Comments (3)
Can you please clarify what do you mean by "can't support Numba"? This package uses Numba to accelerate the internal computations in the case that the "fast distance covariance algorithm" can be used instead of the original O(N^2) algorithm.
from dcor.
Hi. First let me apologize for the tone of that question. Besides being vague, it comes off as really rude. I don't know how that came from me. I wanted to know if there was something marginal that I could fix and make everything work.
Second, I can't reproduce the problem for arbitrary data.
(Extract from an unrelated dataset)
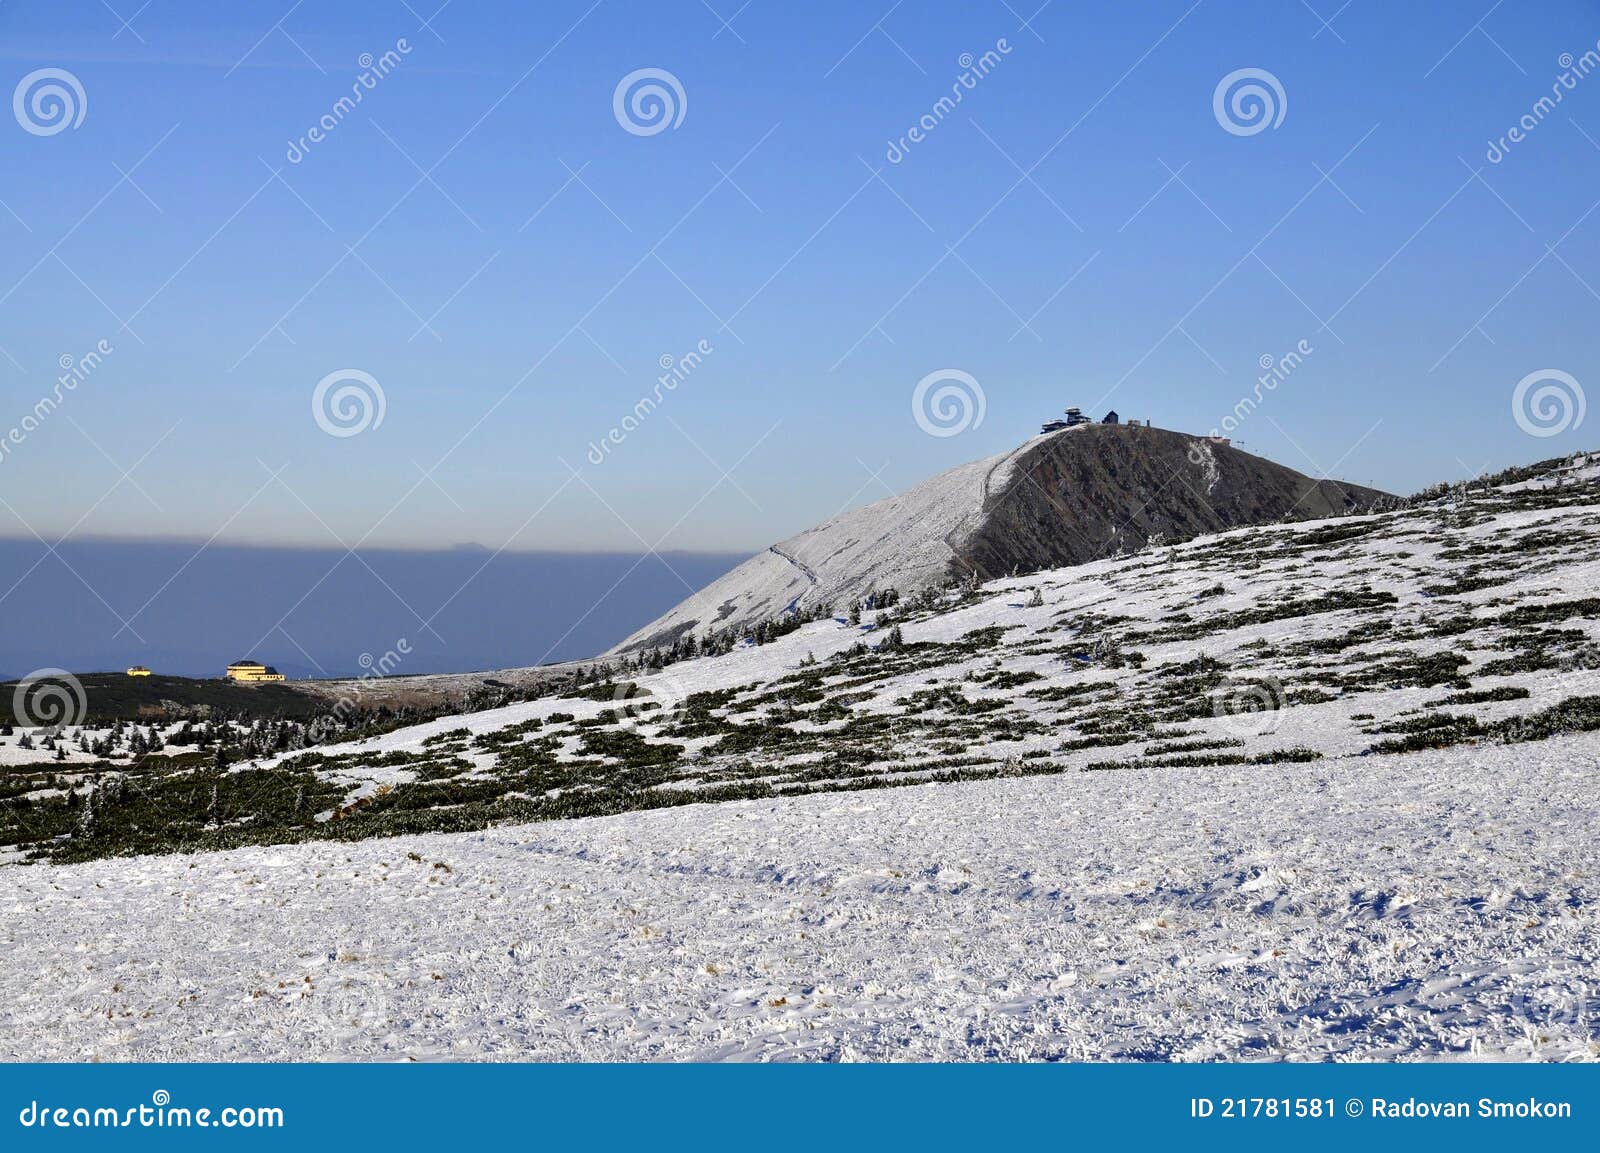 peak snezka 1602 m n.m.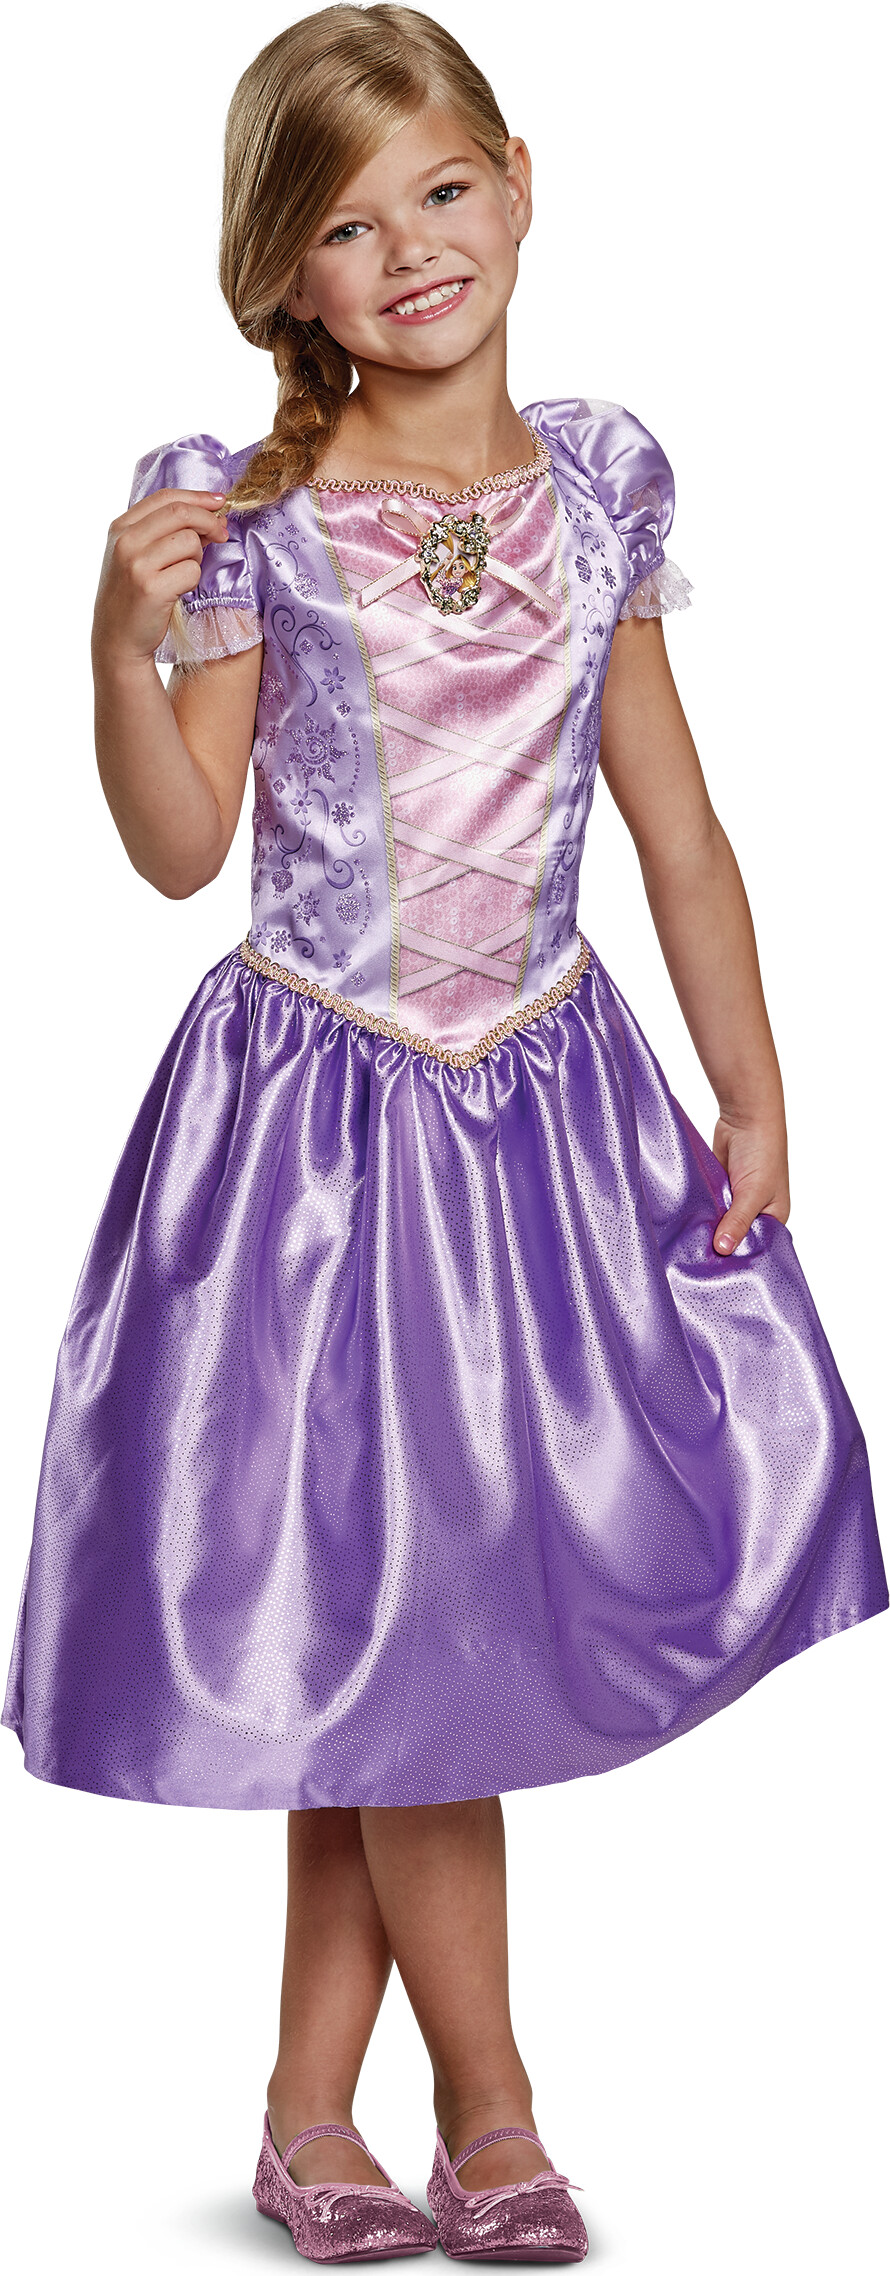 Billede af Rapunzel Kostume Til Børn - 128 Cm - Disney Princess

The problem doesn't happen with iris (which is small, 150 rows x 4 cols), but it does repeat with fashion-mnist (which is larger, on the order of tens of thousands of rows and (28*28) columns -- but not huge either.)
I came to believe that this was a dcor
problem because I had used other custom metrics succesfully -- but, as it turns out, not in datasets as large as fashion-mnist.
I'm including some details on reproduction attempts but it's not clearly a dcor
problem; it's probably the approximated-nearest-neighbors algorithm UMAP uses.
First, since UMAP uses the idea of nearest-neighbors (although it doesn't use the stock/exact algorithm), we try the following (code 1), which works
from sklearn.datasets import load_iris
iris = load_iris()
from sklearn.neighbors import kneighbors_graph
from numba import jit
from dcor import distance_correlation
@jit
def distcor(x,y):
return 1 - distance_correlation(x,y)
g = kneighbors_graph(iris.data, 2, mode = 'distance', metric='pyfunc',
metric_params = {'func': distcor})
Attempting to run this for fashion-mnist takes >20 minutes (the algorithm is expected to explode with large datasets anyway)-- I've given up before errors came up.
The following (code 2) runs UMAP itself. And works.
from umap import UMAP
embedding = UMAP(metric = distcor, n_neighbors = 4).fit_transform(iris.data)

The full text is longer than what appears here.